Но Соломон Давидович Блюм, кажется, не заметил этого восхищения:

— Как вам это нравится? Он зверей не любит. Вы видели что-нибудь подобное?

Захаров смеялся громко, как мальчик.

А в это время в спальне четвертой бригады большинство ребят уже спали. Только Зырянский читал в постели книгу да Володя и Ваня на соседних кроватях посматривали еще друг на друга. Ваня вдруг приподнялся на локте:

— Одна сотая миллиметра! Володька! Это не может быть, правда?

Володя ответил задумчиво:

— В жизни все бывает.

Зырянский повернул к ним лицо:

— Пацаны, спать!

Пацаны, балуясь, заснули.


24. ВСПОМНИМ СТАРИНУ…

Воргунов увез с собой австрийскую сверлилку, но ее увлекательный образ остался в памяти.

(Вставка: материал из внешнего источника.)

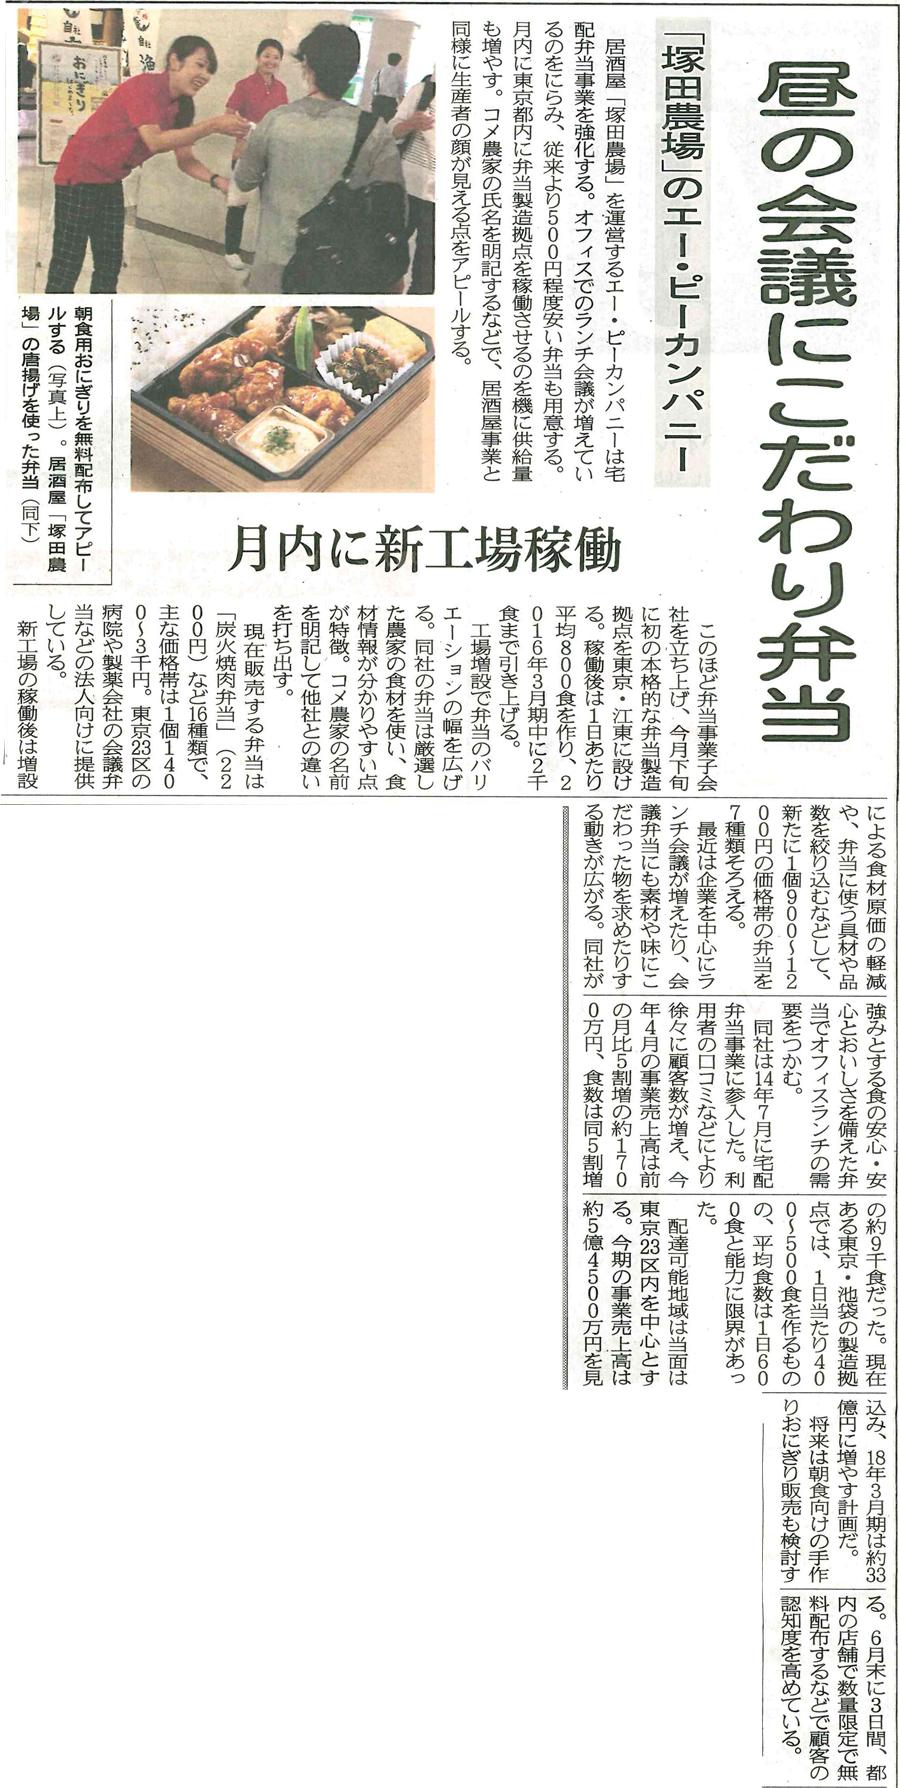 http://www.apcompany.jp/media/%E6%97%A5%E7%B5%8CMJ2015_07_08.jpg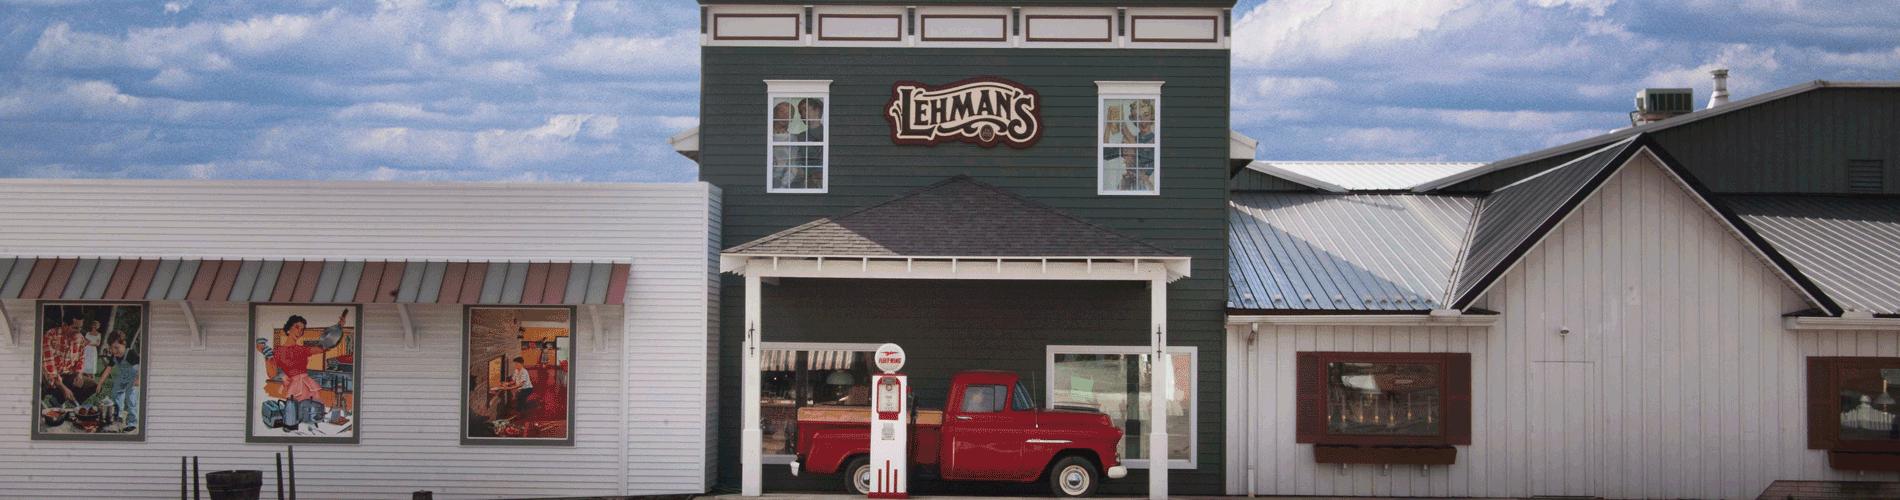 lehmans-storefront

По правде сказать, колонисты не умели разговаривать на подобные темы. Спорили о том, останется ли швейная мастерская или не останется, пригодится ли для нового завода самарские токарные или не пригодятся, нужно ли разваливать стадион или не нужно. Несколько девочек обратились в совет бригадиров с просьбой перевести их в механический цех. В совете бригадиров горячо приветствовали это начинание, но в четвертой бригаде отнеслись к нему с завистливым недоверием. Петька Кравчук воинственно поводил своим чубиком и говорил:

— Ой, и хитрые же девчата! Конечно, потом скажут: вот девчата такая редкость, скажите, пожалуйста, работали на токарных станках, давайте их поставим на самые лучшие станки, а про нас скажут: эти еще маленькие, пускай себе шишки делают. Особенно, если дыма не будет.

В четвертой бригаде с Петькой соглашались: казалось, что вторжение взрослых девочек в механический цех сильно может понизить токарные заслуги пацанов. Но это беспокоило только до тех пор, пока у токарных станков рядом с пацанами не стали девочки.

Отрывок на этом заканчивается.